You will fall into the trap, which I also fell into, which was like, “Okay, if I can’t figure this out, I might as well at least feel good. I might as well at least have a drink.” That mindset isn’t great either. And then a lot of times people just ping pong back and forth between these two extremes. And none of these actions when you are in a shame spiral, they’re not getting you any closer to change.

Often what I really help people understand is that the real habit you have to break if you want to change your relationship with alcohol, whatever that means, if it’s drinking less, drinking rarely, not drinking at all. If you want to change your relationship with alcohol, you have to break the habit of immediately rushing to start over and promising that you’re going to be good or just like giving up.

Because these two things have so much more in common than people realize because they’re both driven by shame. And shame will always prevent you from figuring out what went wrong. It will always get in the way of figuring out, “Hey, how do I avoid this from happening again?” Because it sets you up in this dichotomy of good and bad. “I was bad. Now I have to be good or I’ve been so bad, there’s no hope for me to be good.” But good and bad are not the way out of this.

You need to put good and bad aside. Instead of this framework built on morality, you need a framework built on learning and curiosity. And asking yourself questions that actually help like, “Hey, what actually happened? What were my triggers yesterday really about? What was happening when I had these cravings? What excuses did I use?” You need to step into the role of a scientist, not a moralist. Being a moralist is not going to help you at all.

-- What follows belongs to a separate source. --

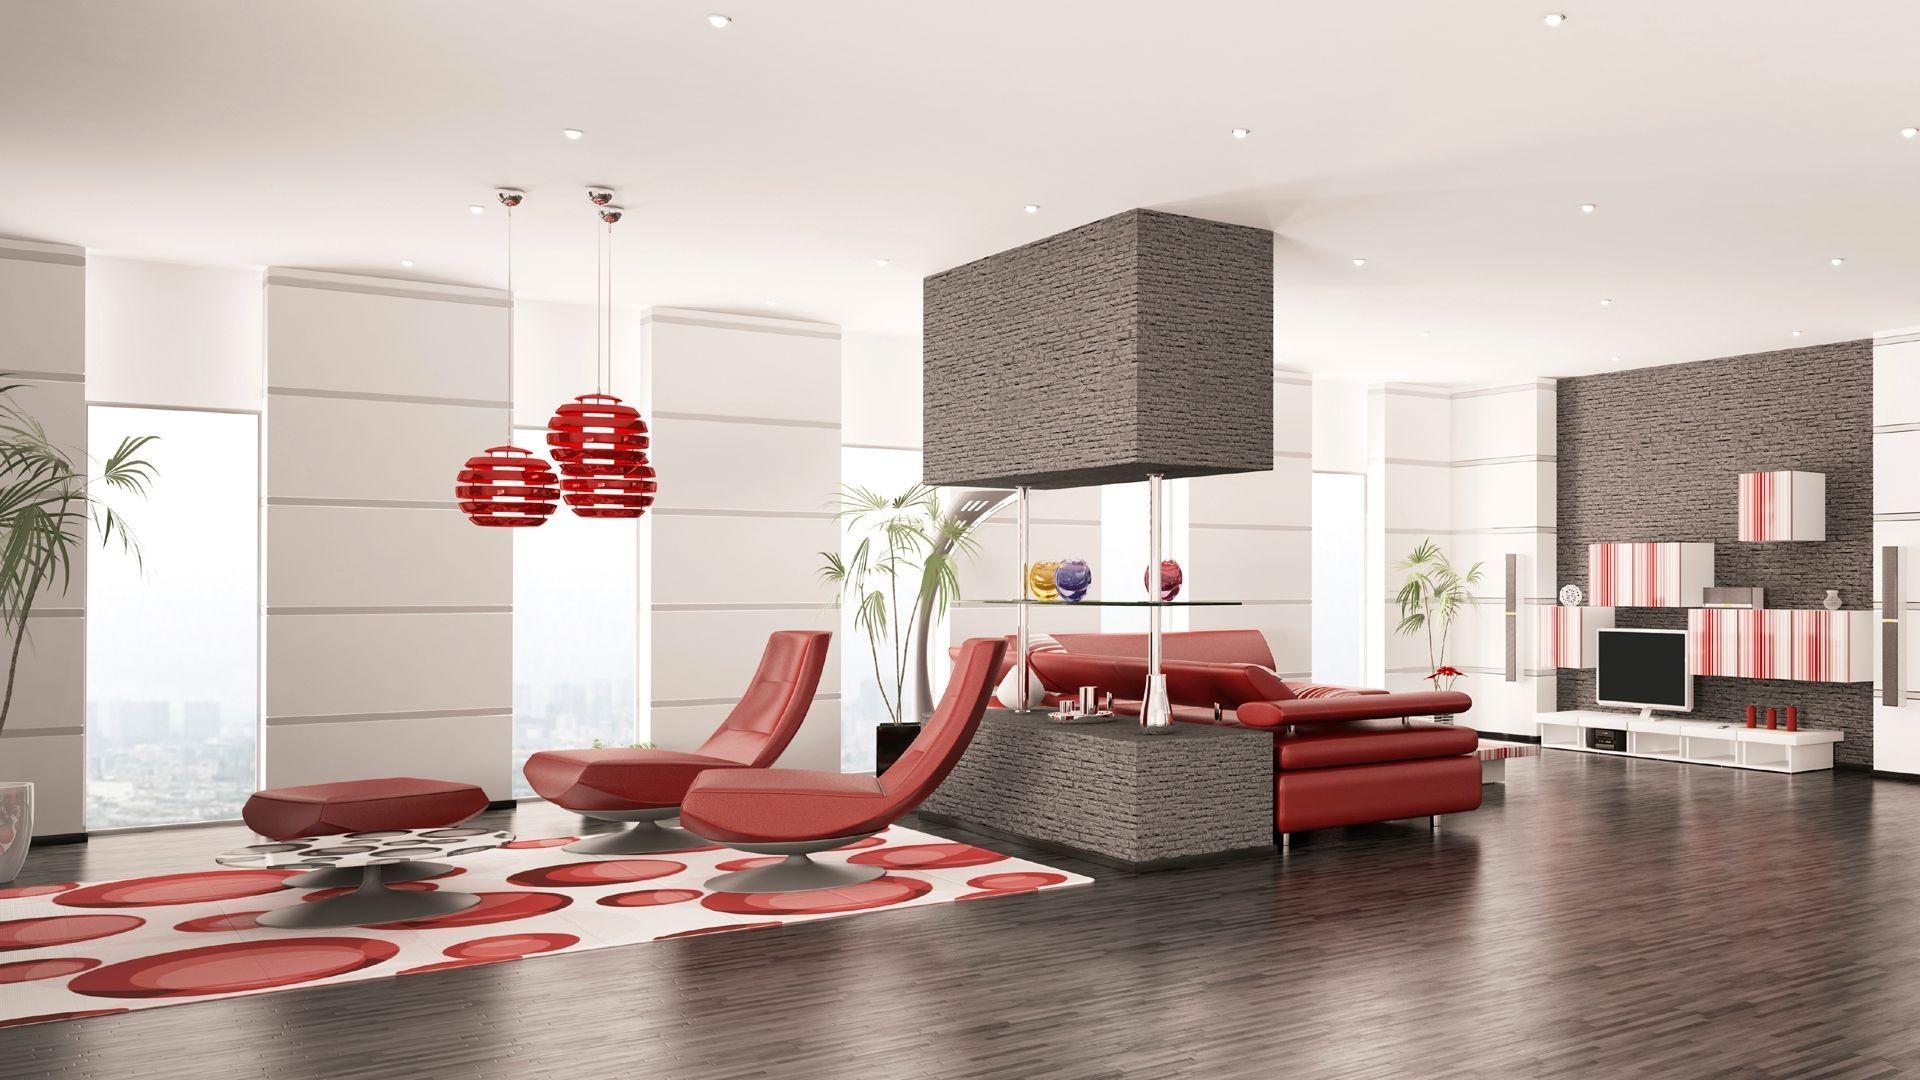 Arquitectura interior, proyectos y construcción de espacios interiores en Lleida

Here’s the thing, when you’re hungover and you’re looking for that quick relief the next day, it’s helpful for you to understand, “Hey, what’s actually going on? Am I trying to ease physical symptoms or am I trying to escape my internal dialogue that’s creating all this emotional suffering?”

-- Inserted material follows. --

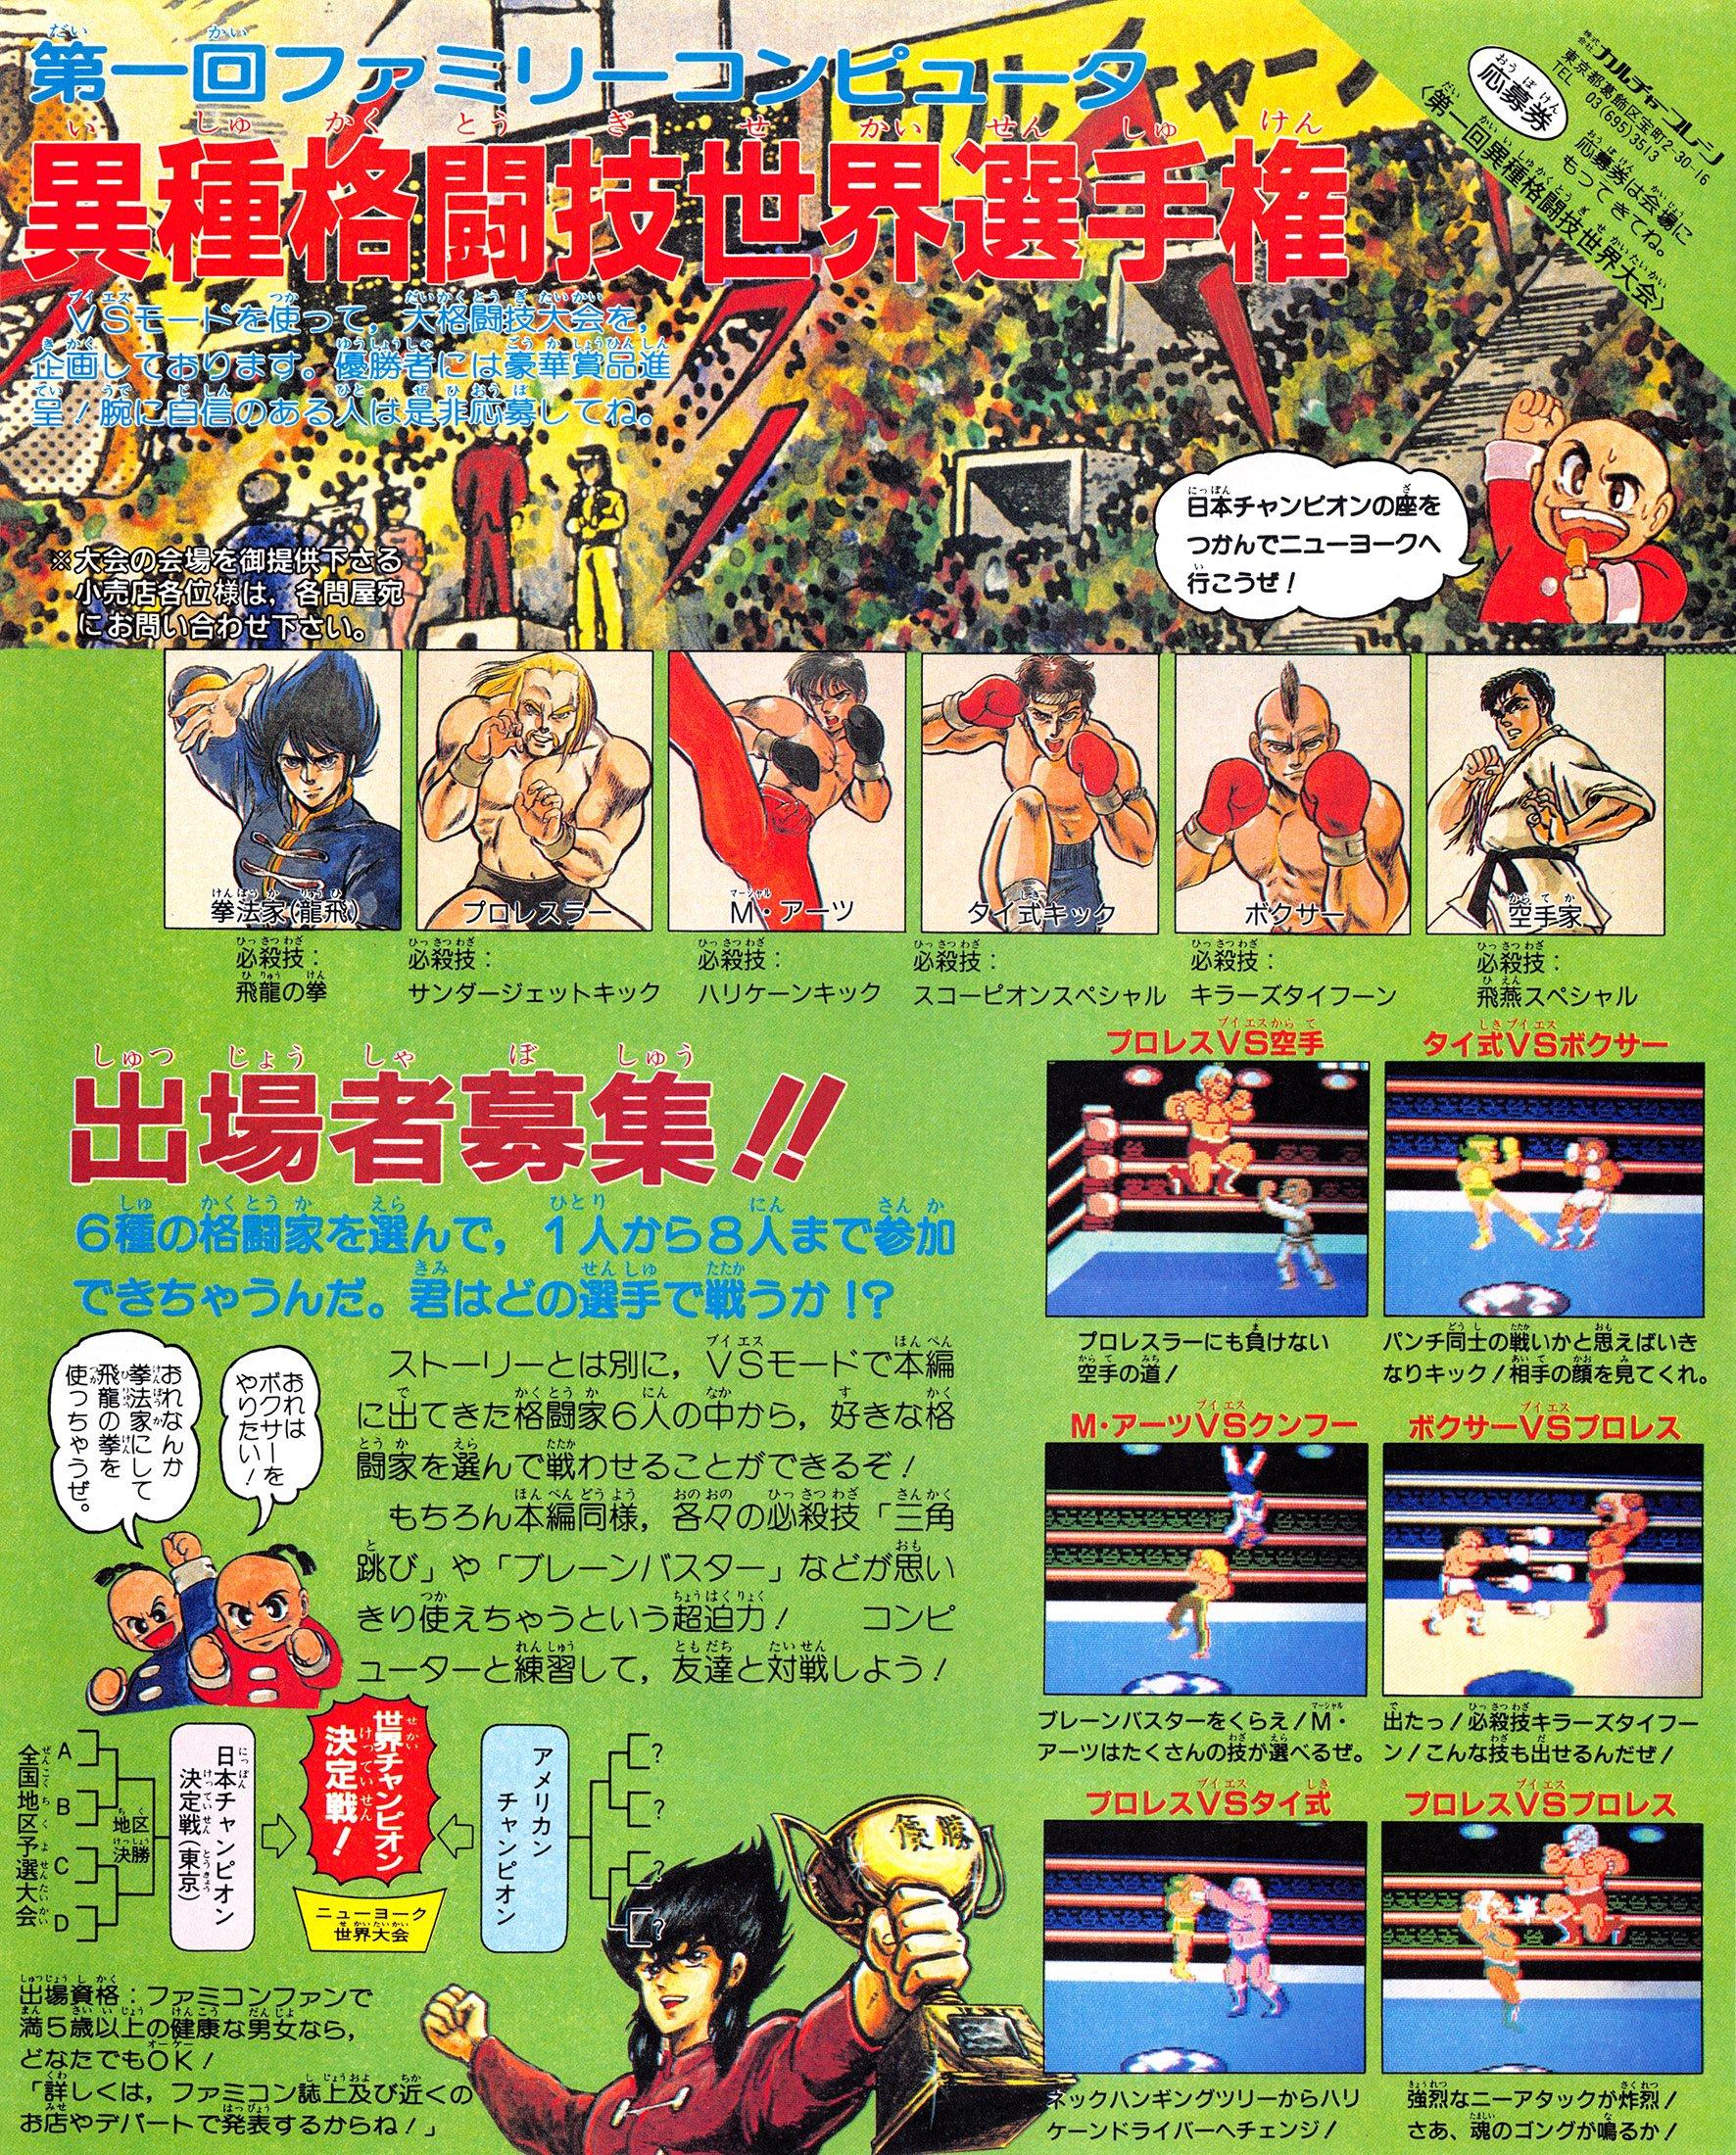 Hiryuu no Ken II: Dragon no Tsubasa (Japan) (pg 3 of 3)

Because when it comes to physical symptoms, whatever it is, headache, dehydration, vomiting, diarrhea, sweating, all that stuff. There’s things you can do. You can rehydrate yourself. You can drink plenty of water, plenty of fluids with electrolytes. You can eat carbohydrates to raise your blood sugar. You can eat nutrient dense foods that are rich in potassium and B vitamins and zinc. You can take pain reliever to help with the headache as long as it’s not acetaminophen or Tylenol. You can give yourself plenty of rest. But none of those things are going to help you change the narrative in your head about why it is that you drank too much and that’s what needs changing.

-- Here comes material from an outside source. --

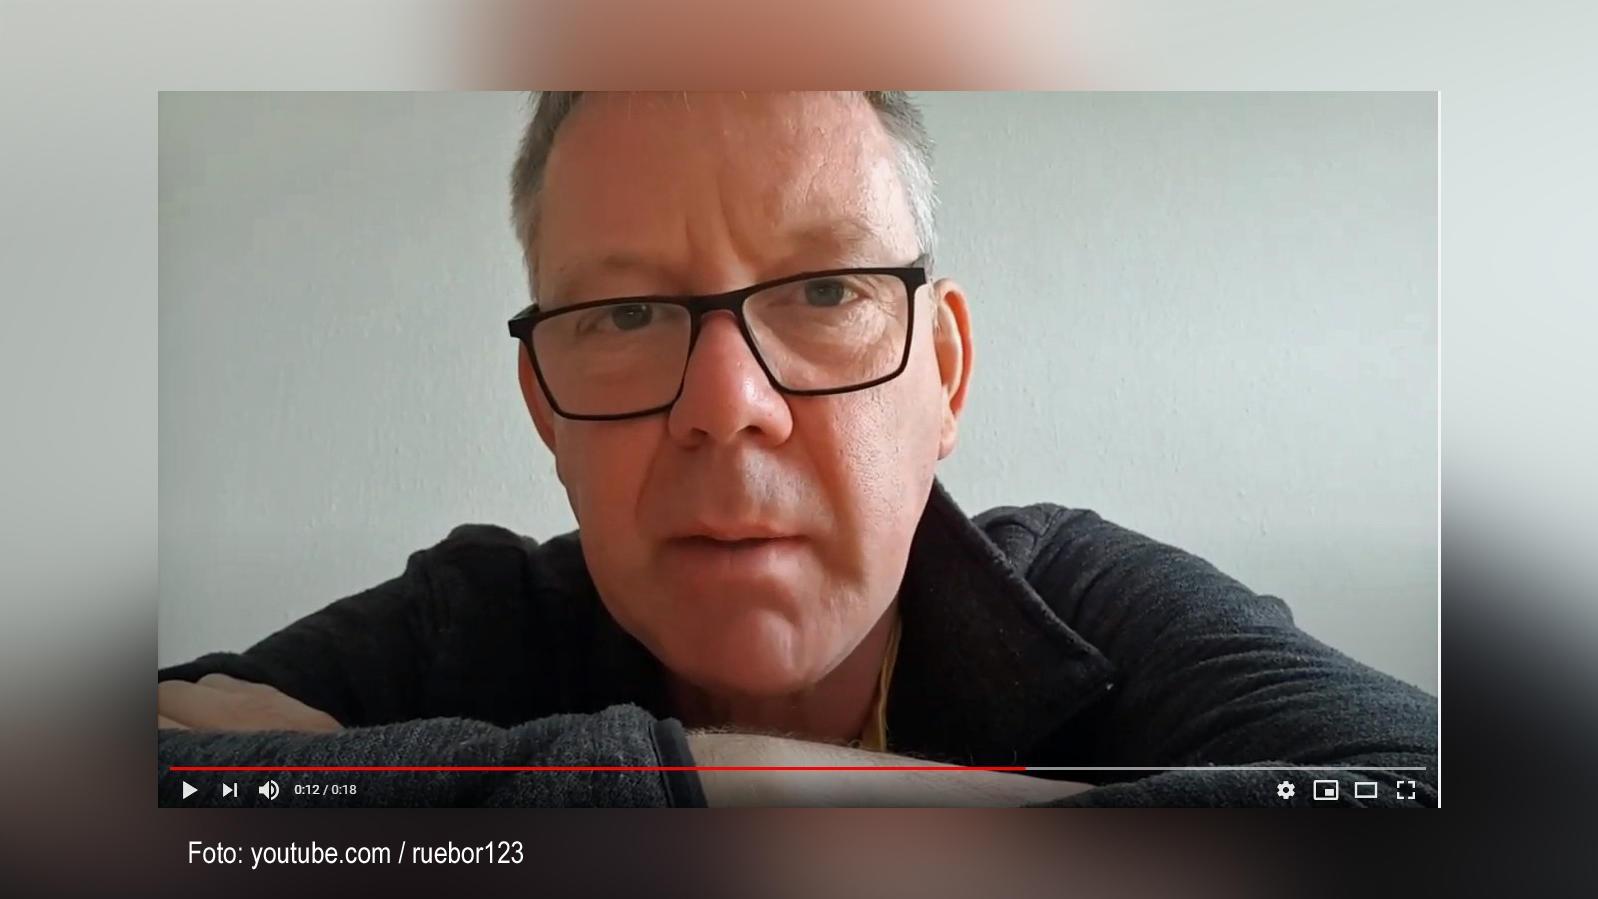 Der Berliner Lehrer Rüdiger Borrmann in einem seiner zahlreichen Videos.

For most people, when you really start to question the pain that you’re trying to ease, most people will see, yeah the physical effects of a hangover, they can suck. But it’s the emotional suffering that feels so much worse. And the emotional suffering will not be helped with more alcohol or medicine or fluids or rest. That requires thought work. That requires understanding you’re drinking from the perspective of, “Hey, what tools was I missing? What tools do I need? What information am I lacking?” Rather than, “You should just simply know better.”

We really want you to think about this the next time you have a hangover, when you’re looking for relief. Is it relief from your physical symptoms or is it relief from the emotional suffering? Which one are you actually trying to fix? And of course, if you’re tempted to drink, know that “hair of the dog” doesn’t work and you’re just delaying the inevitable.

But if you find yourself with a lot of emotional suffering and you notice that you’re wanting to rush to like, “Okay, I’m just going to promise to be good.” Or you’re falling into that mindset of like, “Oh, I’m never going to figure this out.” Know that that happens because of shame. And that shame happens because of your internal dialogue. And that’s what you need to work on and clean up first if you want to show up differently in a meaningful way in the future.